REQUIRED WORK.
Copy the lines running from the one that contains "Handsigniert in Großbuchstaben" to the end of the entries below, exactly and with no pictures.

Data items
....
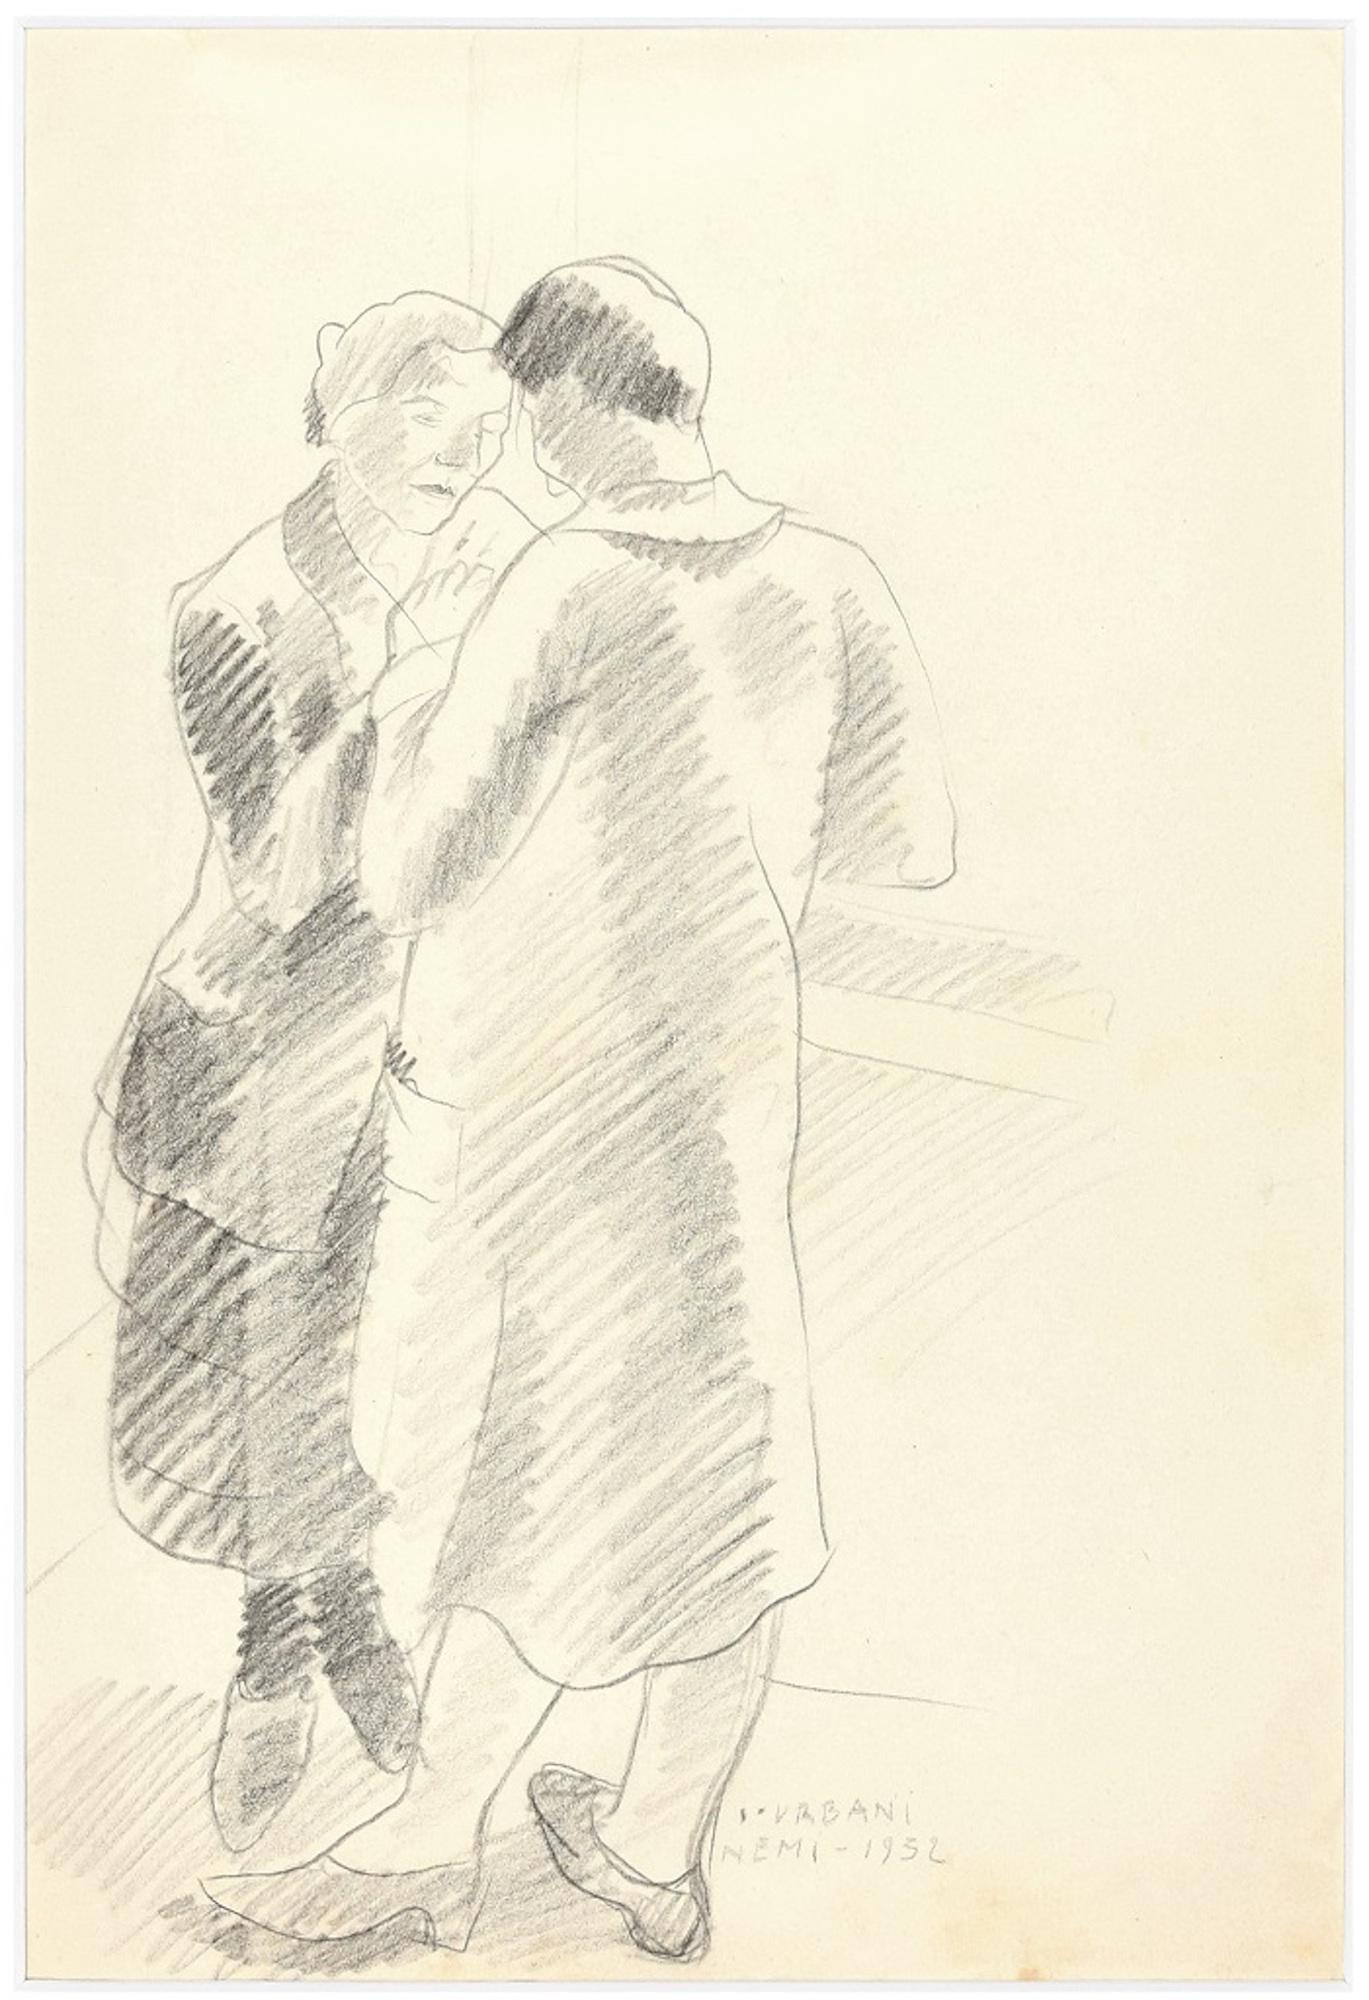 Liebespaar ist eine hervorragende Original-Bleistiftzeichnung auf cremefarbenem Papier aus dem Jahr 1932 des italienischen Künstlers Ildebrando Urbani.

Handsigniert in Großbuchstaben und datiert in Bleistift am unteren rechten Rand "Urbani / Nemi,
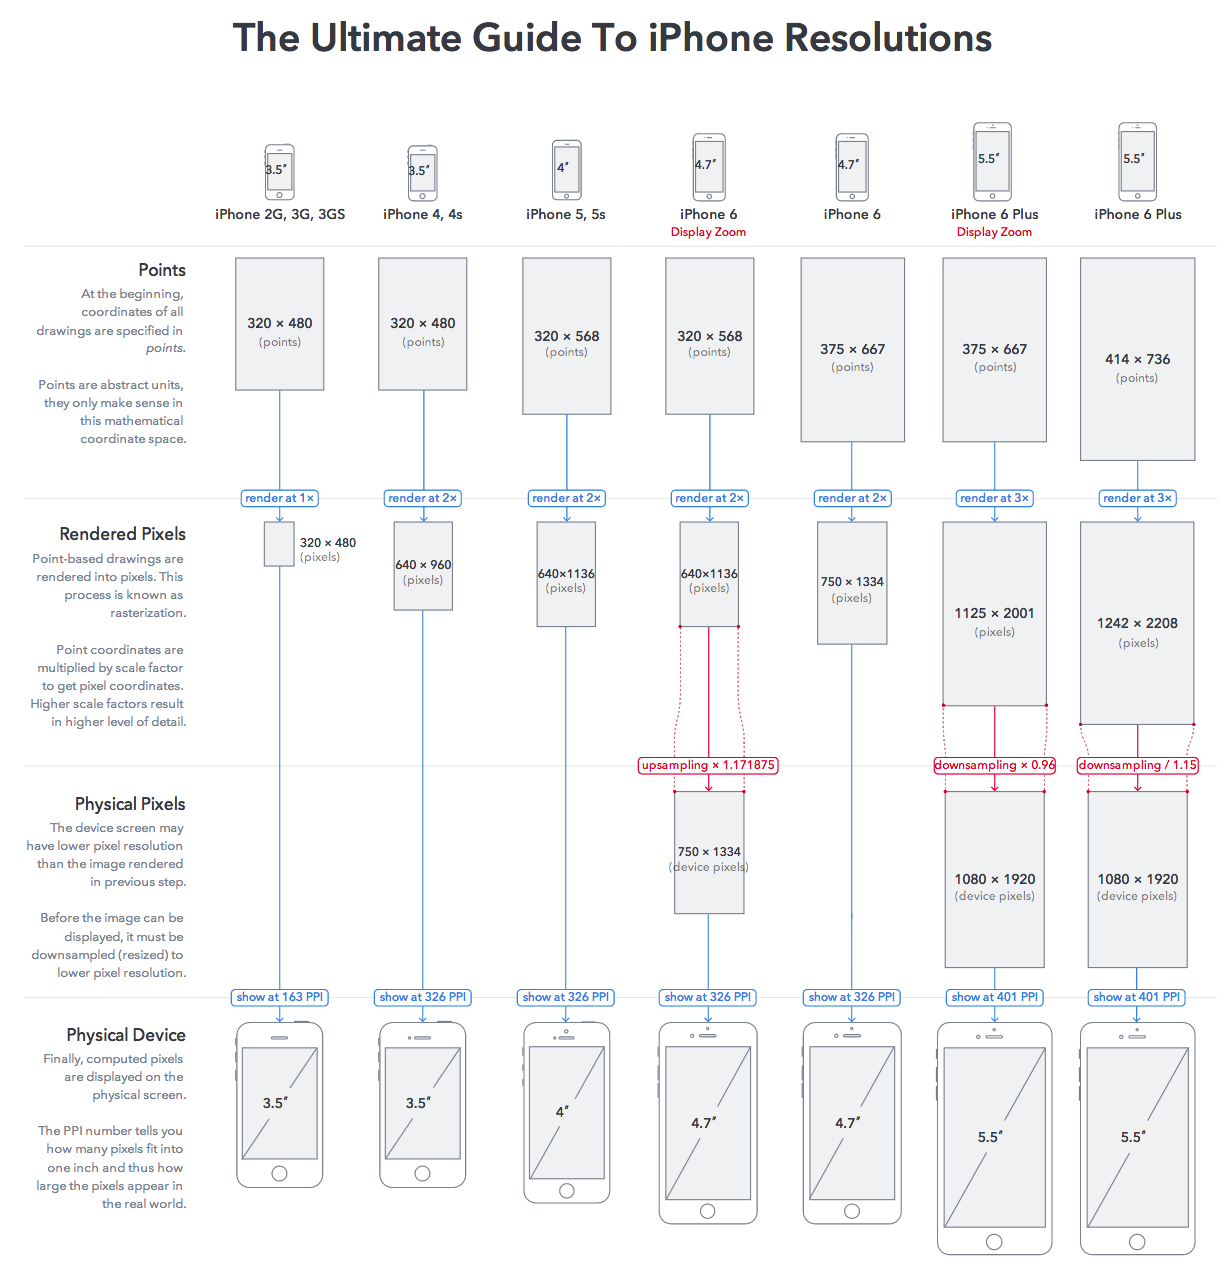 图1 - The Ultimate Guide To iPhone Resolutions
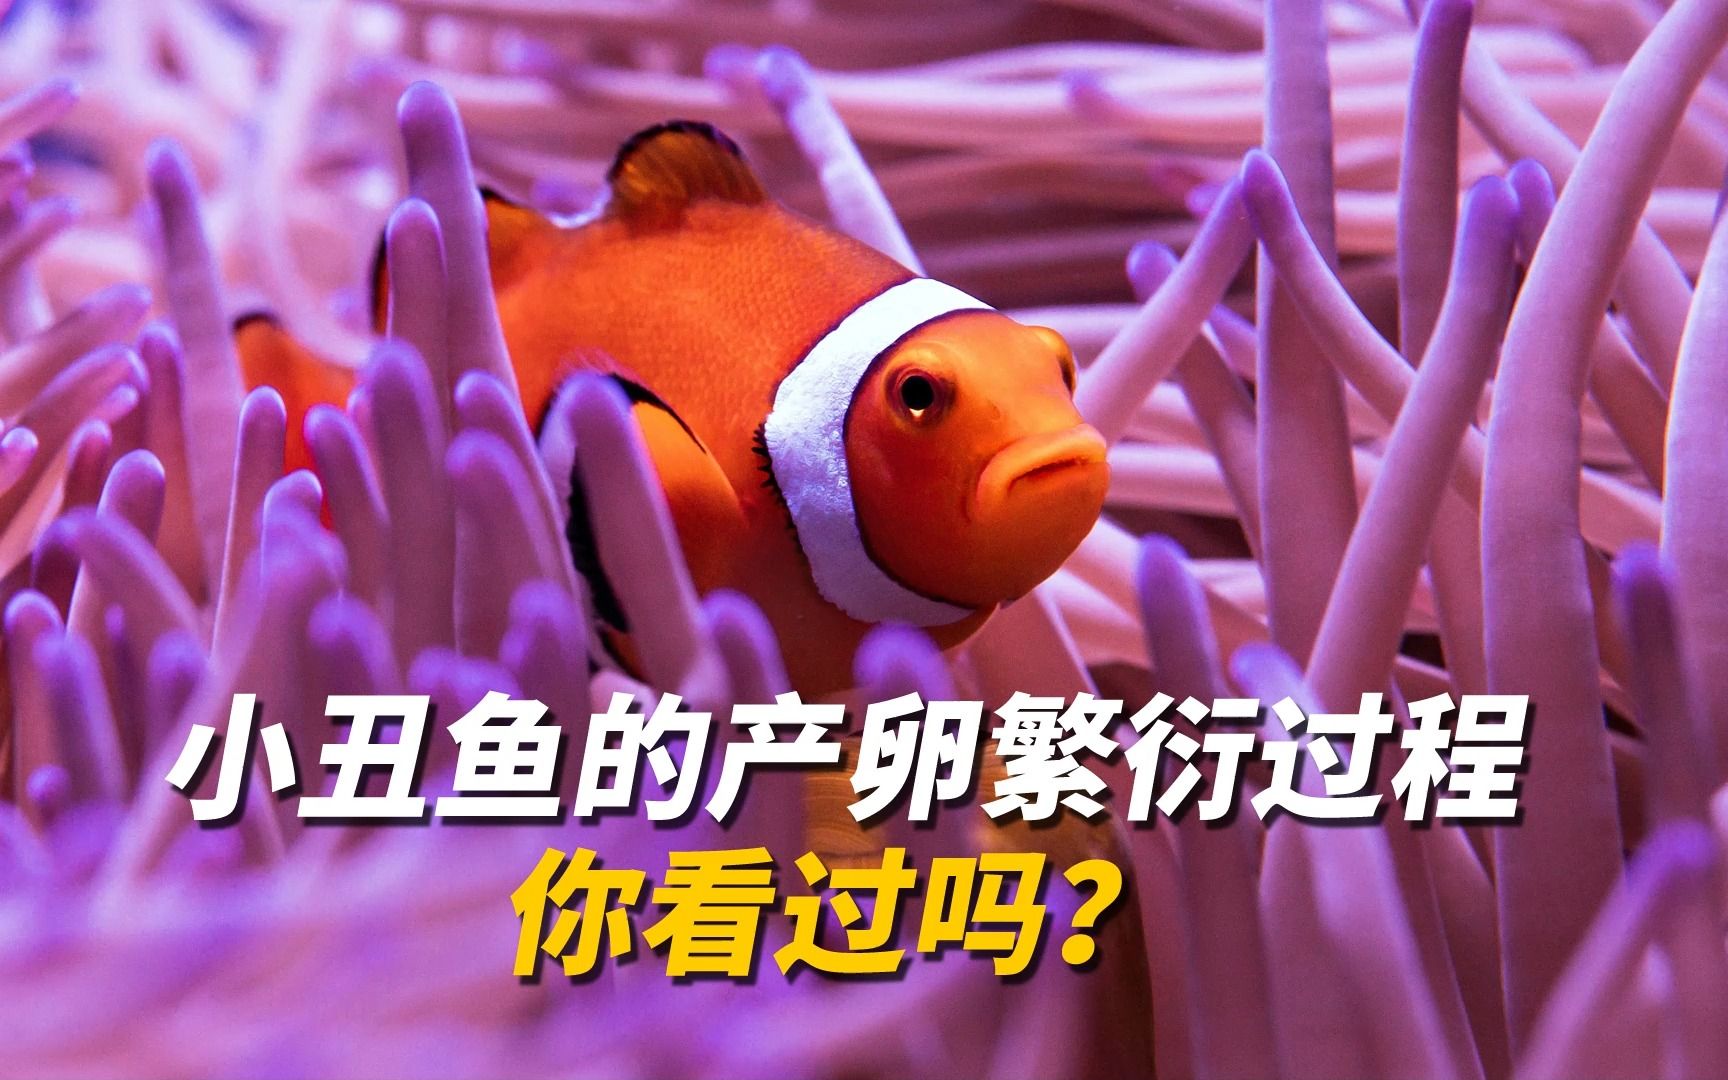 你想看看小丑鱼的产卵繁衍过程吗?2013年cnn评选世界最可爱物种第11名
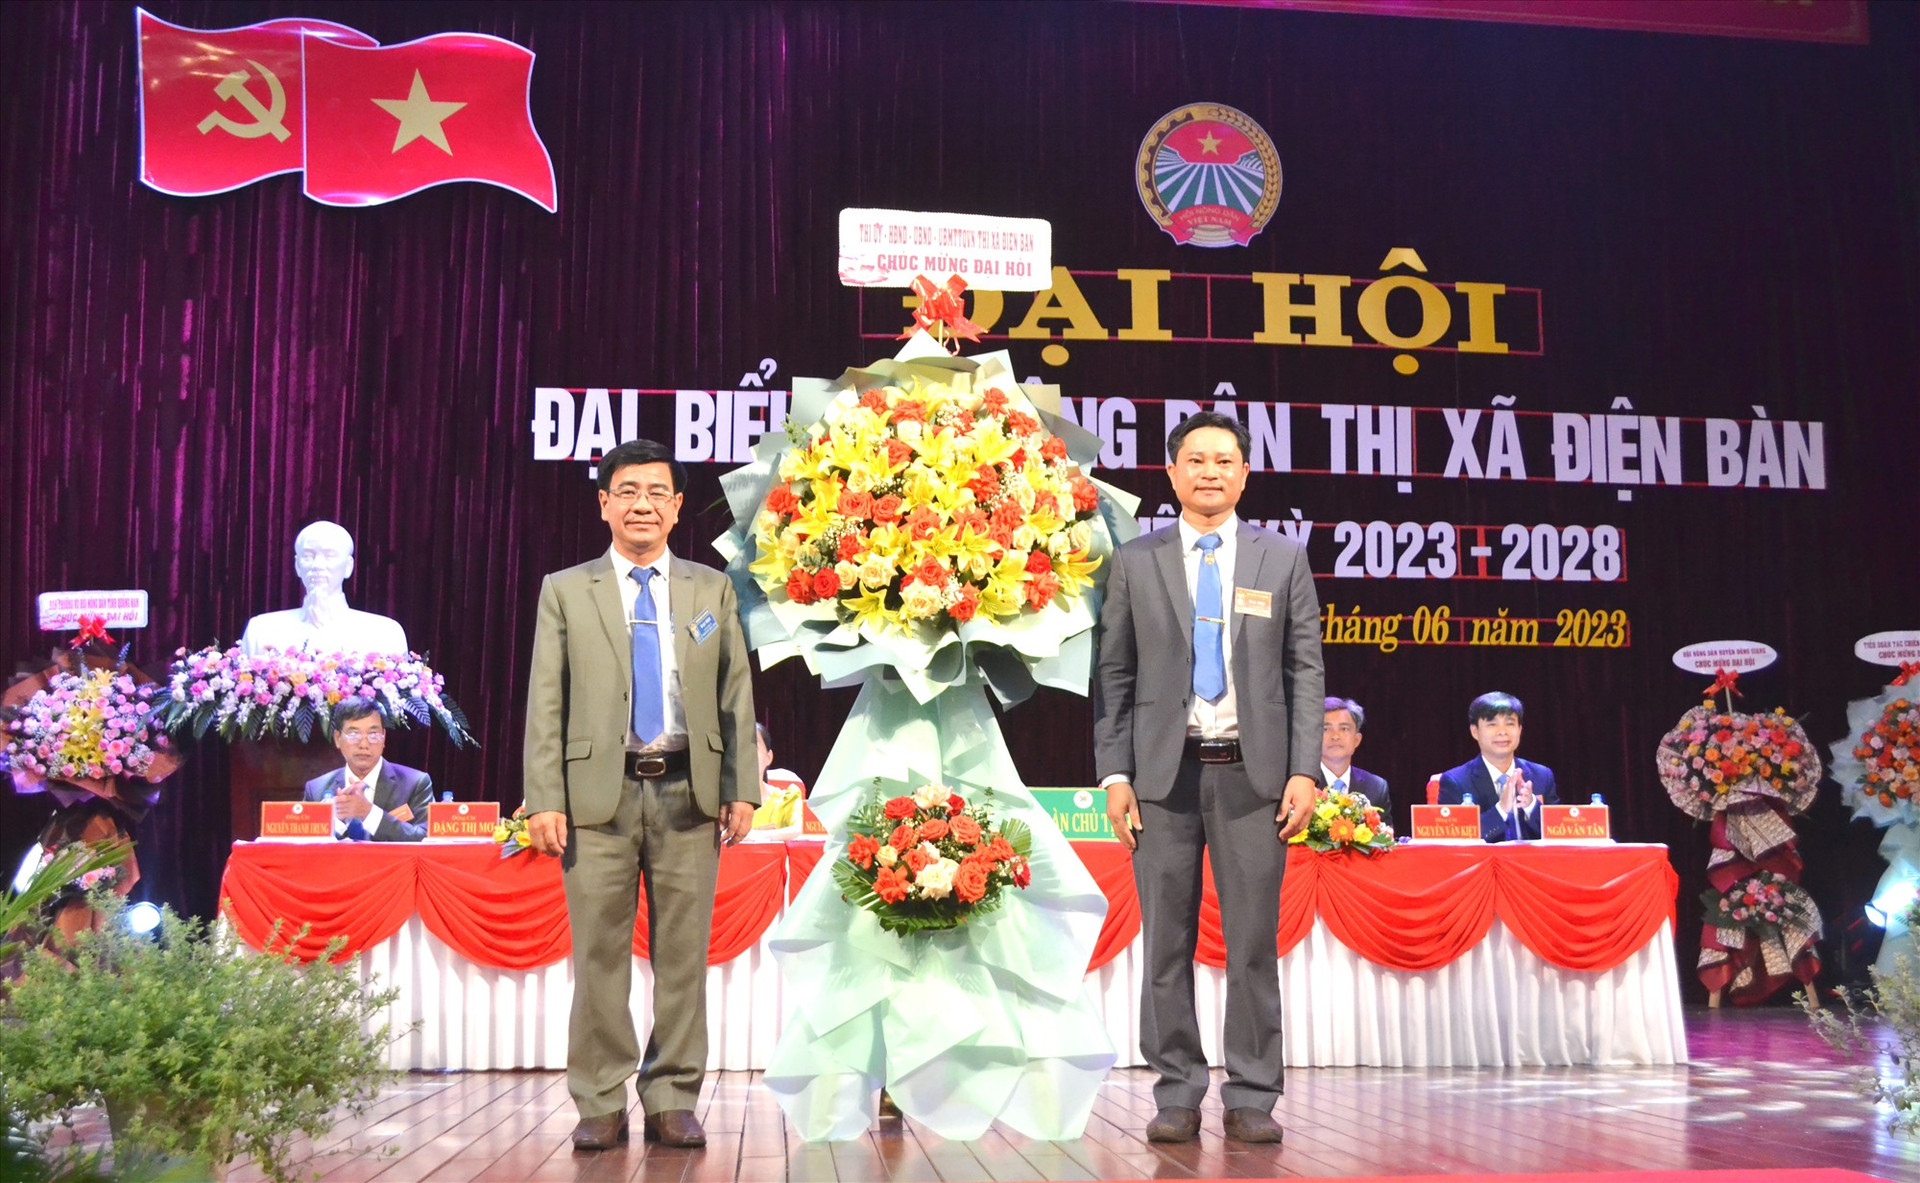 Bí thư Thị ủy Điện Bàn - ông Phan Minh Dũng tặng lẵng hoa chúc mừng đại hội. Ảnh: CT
....
WRITTEN SOLUTION.
Handsigniert in Großbuchstaben und datiert in Bleistift am unteren rechten Rand "Urbani / Nemi,
 图1 - The Ultimate Guide To iPhone Resolutions
 你想看看小丑鱼的产卵繁衍过程吗?2013年cnn评选世界最可爱物种第11名
 Bí thư Thị ủy Điện Bàn - ông Phan Minh Dũng tặng lẵng hoa chúc mừng đại hội. Ảnh: CT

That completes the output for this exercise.